I love the way these 'strays' carry on regardless of us humans. There is certainly plenty to see if you look hard enough.

Kristi said...

Such a good way to think of the street. PHL is fairly lush this time of year. Lots of street gardeners, sprucing up window boxes containers and parklets.

Elephant's Eye said...

Good grief Lucy! Be careful? You must have drawn a few curious onlookers. What IS she looking at?! And how I share your delight in the details we only see if look, very carefully.

wellywoman said...

Just found your blog and loved reading about your urban garden. Plants always amaze me where they appear, pushing up through concrete, on derelict scrubby ground, in the gaps of walls. You've given me the idea to go around my local village and see what I can see growing in inhospitable places. Great post.

Gerald (Hyde DP) said...

Ah yes isn't the ordinary so interesting.

Forest Keepers said...

I love how nature just has a way of creeping back into everything! I must say that Dandelions are one of my all time favorite plants. I put them in my salads and smoothies all the time. Did you know that Dandelions have a natural occurring insulin in them that is actually helpful in controlling blood sugar levels in diabetics? Ahh, just one of the MANY AMAZING secrets of the Dandelion. And so I hate to see folks so vehemently chasing them out of their lawns with all manner of poisons and chemicals!
If only they knew what a miracle this plant is ( and all of them for that matter).

Lucy said...

Hello Becky. There's an element of overlap between wild plants in the towns and in the countryside. While I much prefer to walk in the countryside, finding some of the very tiny plants in towns can be very exciting. The white flowers in the speed bump are now producing seeds. They are like miniature honesty seeds and I can only see them properly by taking their pictures and enlarging them on screen. It's like being a detective!

Hello Mark. I can see why people like to get rid of buddleia.

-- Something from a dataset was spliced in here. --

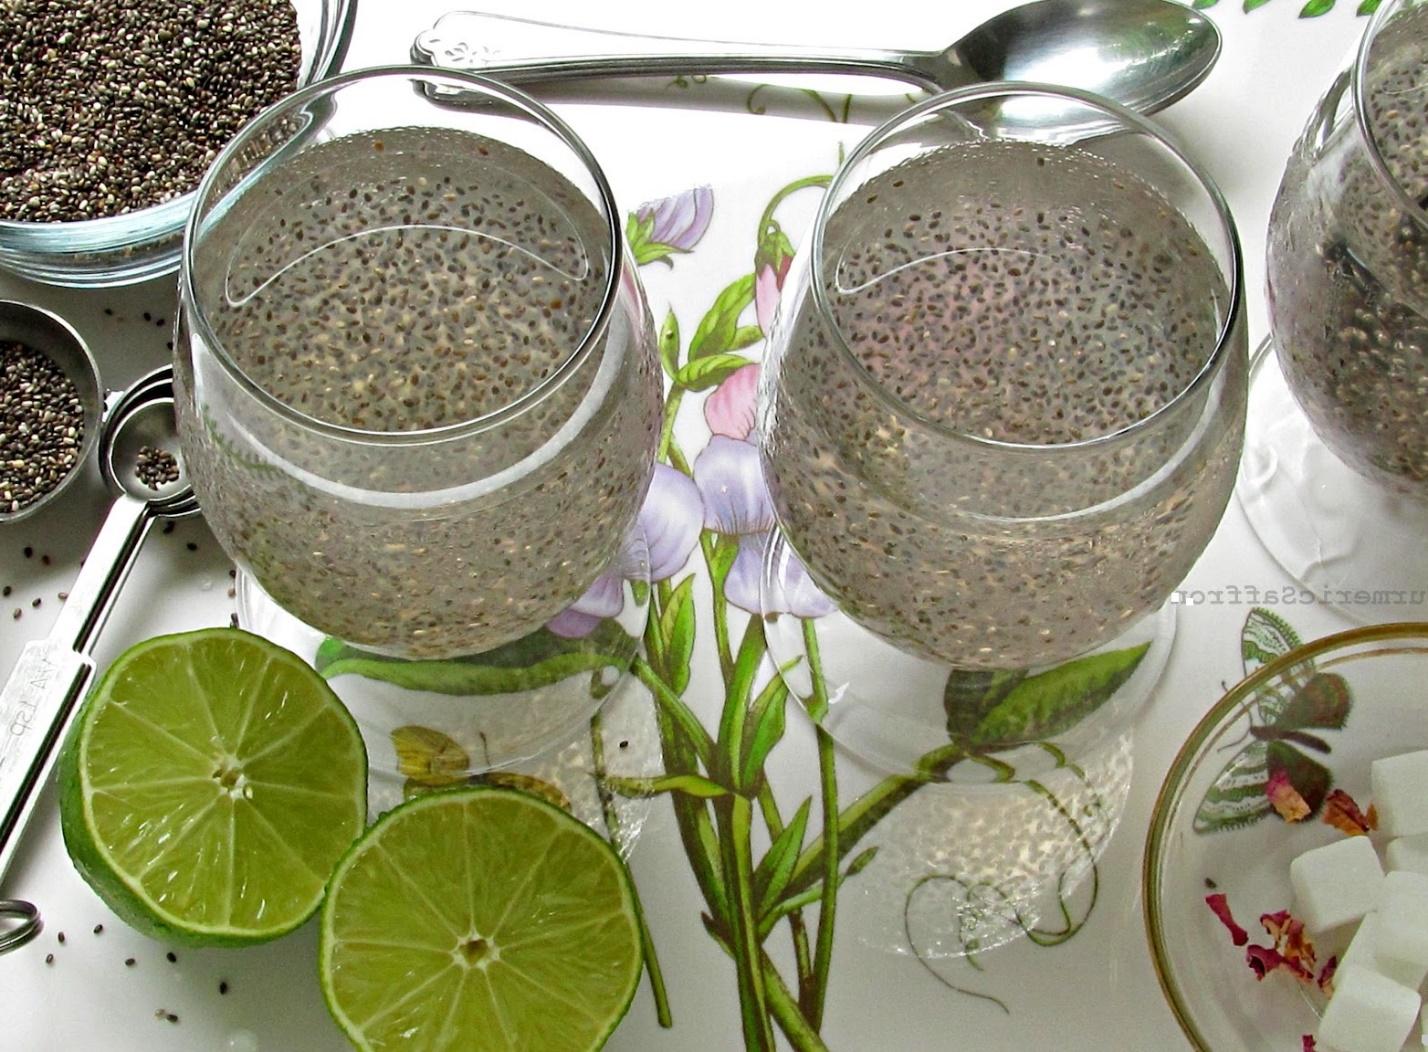 Những cách nấu nước nha đam đường phèn đơn giản, lạ miệng cho bạn thanh nhiệt ngày nóng - Ảnh 2

It can make walls dangerous. And I suppose plants which come up between paving stones can dislodge them after a while. But, given the damage done by car fumes which are, broadly, tolerated, I think there's an over-zealous tidiness when it comes to some urban wild plants - and significant prejudice too.

Hello Helen - I could easily do a whole post about 'my rockery'. There masses of plants between the cobbles - and in surprising variety. It's a little frustrating. I think it's important to write town posts from time to time, likewise seashore ones, but Loose and Leafy is a hedgerow blog and I try not to wander too far from topic too often. (I could have a fleet of blogs given the amount of subject matter!)

Hello Down by the Sea. I'm so pleased to have had a creative impact on the way you see things around you. Mind, there could hardly be a greater inspiration than being in woods by Golden Cap. Hard to see anything more could be needed!

Hi, Donna. Sometimes I am amused when really good gardeners take on 'wild plants' in their real gardens when, only a few years ago, I suspect they would have been thought of as weeds and 'got rid of'!

Everyone - I'm off elsewhere so will reply to all your other (very welcome and much valued) comments later.

Lucy

Mark and Gaz said...

Nature can create some interesting mini gardens! We spotted a grape hyacynth pushing out of a tarmac path yesterday, we just had to photo it - http://www.alternativeeden365.blogspot.co.uk/2012/04/9-april.html

marco jacinto said...

i have an entire city (Lisbon) of crevices to look avidly for anything i hadn't seen around before, it's a kind of an hobbie. afterall city's function as an anthropogenus rupicolous habitat.